What is Return On Capital Employed (ROCE)?

For those that aren't sure what ROCE is, it measures the amount of pre-tax profits a company can generate from the capital employed in its business. Analysts use this formula to calculate it for AME Elite Consortium Berhad:

Return on Capital Employed = Earnings Before Interest and Tax (EBIT) ÷ (Total Assets - Current Liabilities)

0.058 = RM55m ÷ (RM1.1b - RM192m) (Based on the trailing twelve months to September 2020).

Thus, AME Elite Consortium Berhad has an ROCE of 5.8%. In absolute terms, that's a low return but it's around the Construction industry average of 5.2%.

View our latest analysis for AME Elite Consortium Berhad

roce
KLSE:AME Return on Capital Employed January 6th 2021

In the above chart we have measured AME Elite Consortium Berhad's prior ROCE against its prior performance, but the future is arguably more important. If you'd like, you can check out the forecasts from the analysts covering AME Elite Consortium Berhad here for free.

What Can We Tell From AME Elite Consortium Berhad's ROCE Trend?

In terms of AME Elite Consortium Berhad's historical ROCE movements, the trend isn't fantastic. To be more specific, ROCE has fallen from 8.8% over the last four years. However it looks like AME Elite Consortium Berhad might be reinvesting for long term growth because while capital employed has increased, the company's sales haven't changed much in the last 12 months. It may take some time before the company starts to see any change in earnings from these investments.

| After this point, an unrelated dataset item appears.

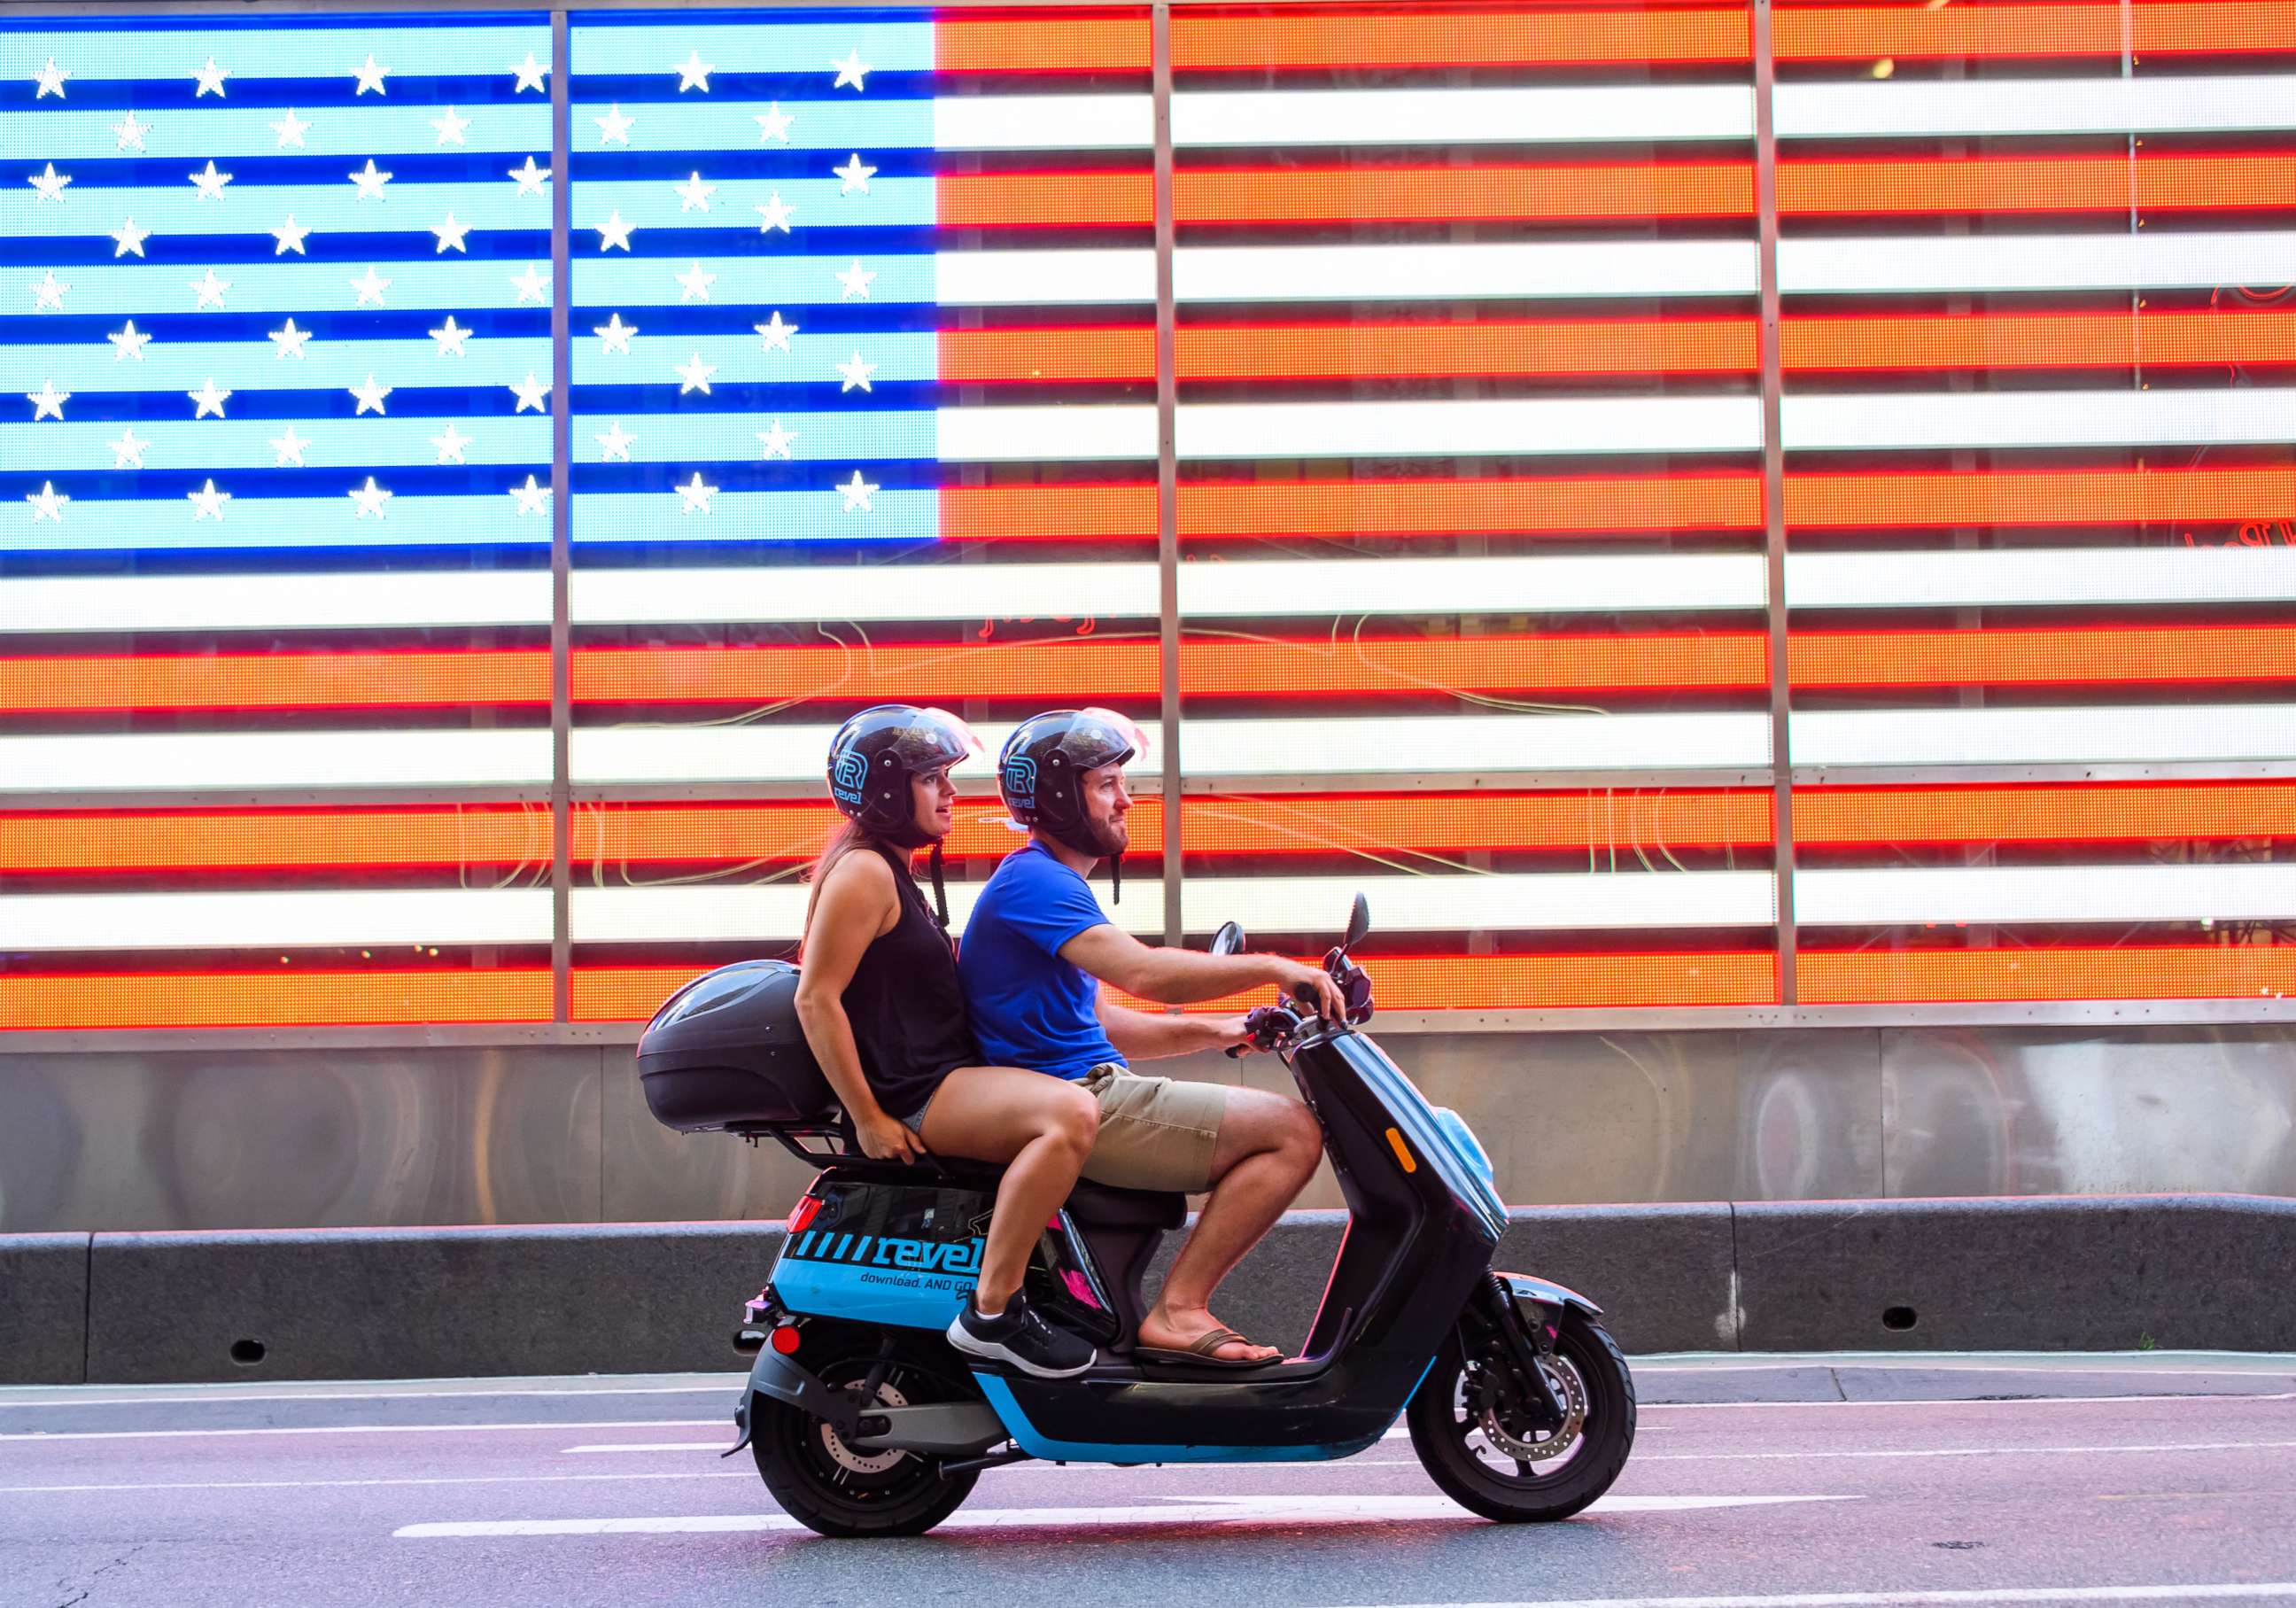 PHOTO: People ride a Revel scooter in Times Square on July 14, 2020 in New York City.
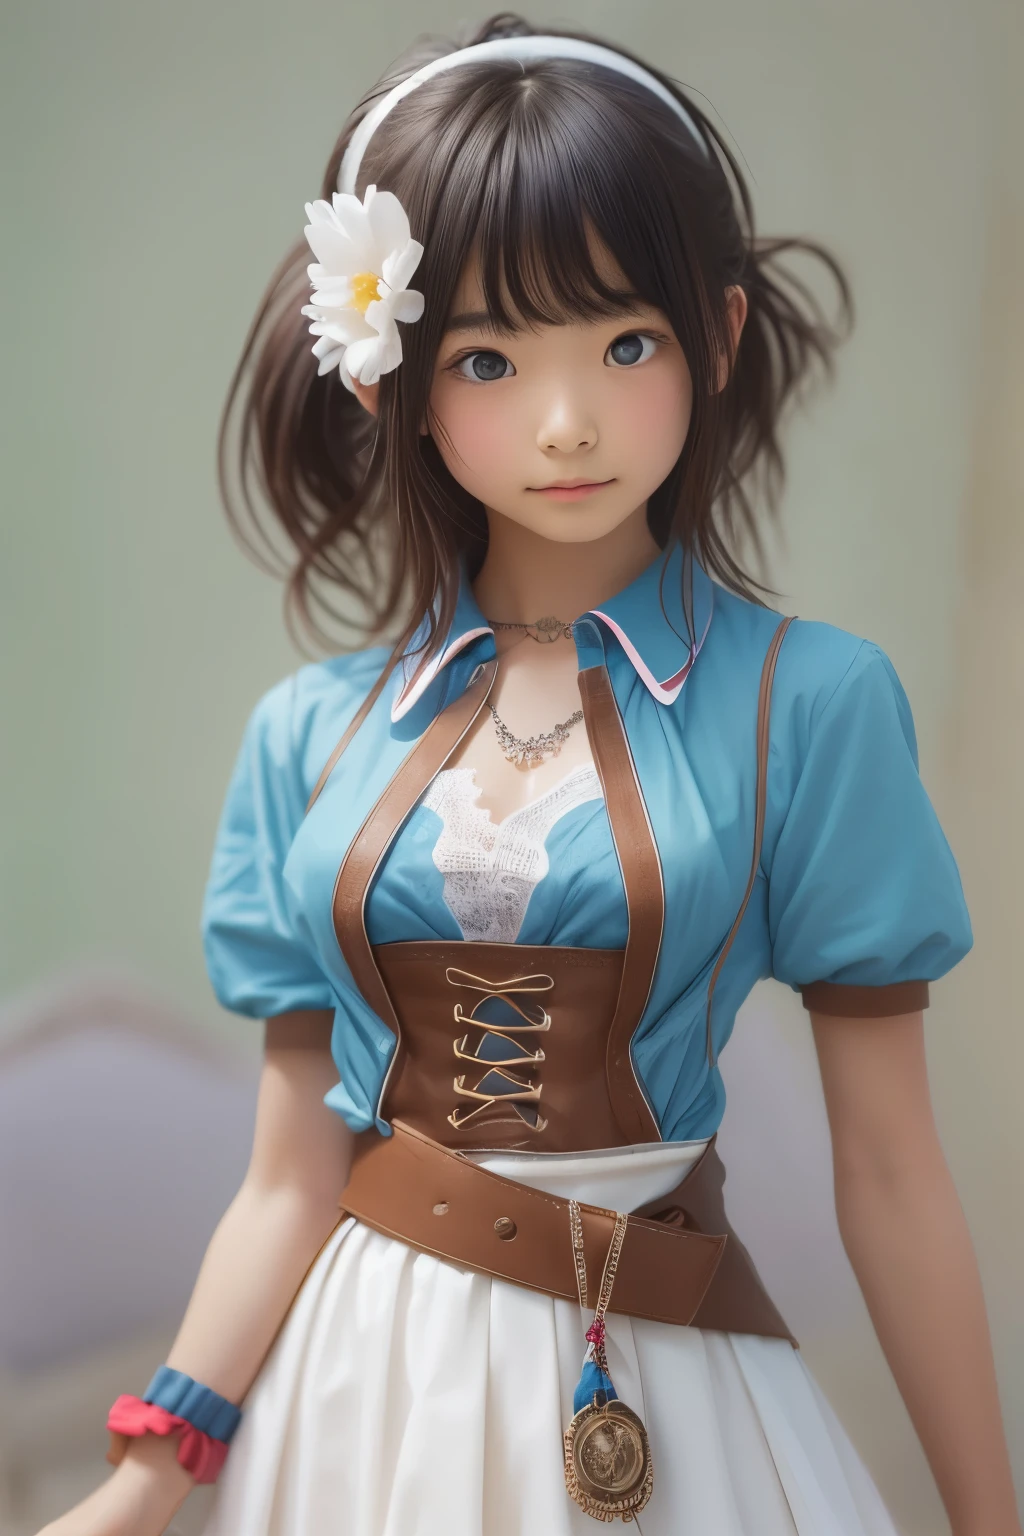 ((sfw: 1.4)), (sfw,She is wearing a long white embroidered skirt, a red blouse with lace, a white apron tied around her waist, blue socks, and brown leather shoes.A blue scarf is on her head. Yes, her accessories include necklaces, earrings, and bracelets. short-hair, 1 Girl)), Ultra High Resolution, (Realistic: 1.4), RAW Photo, Best Quality, (Photorealistic Stick), Focus, Soft Light, ((15 years old)),  ((Japanese)), (( (young face))), (surface), (depth of field), masterpiece, (realistic), woman, bangs, ((1 girl))

On a side note, AME Elite Consortium Berhad has done well to pay down its current liabilities to 17% of total assets. So we could link some of this to the decrease in ROCE. Effectively this means their suppliers or short-term creditors are funding less of the business, which reduces some elements of risk. Since the business is basically funding more of its operations with it's own money, you could argue this has made the business less efficient at generating ROCE.

What We Can Learn From AME Elite Consortium Berhad's ROCE

To conclude, we've found that AME Elite Consortium Berhad is reinvesting in the business, but returns have been falling. Since the stock has gained an impressive 20% over the last year, investors must think there's better things to come. However, unless these underlying trends turn more positive, we wouldn't get our hopes up too high.

AME Elite Consortium Berhad does have some risks though, and we've spotted 2 warning signs for AME Elite Consortium Berhad that you might be interested in.

If you want to search for solid companies with great earnings, check out this free list of companies with good balance sheets and impressive returns on equity.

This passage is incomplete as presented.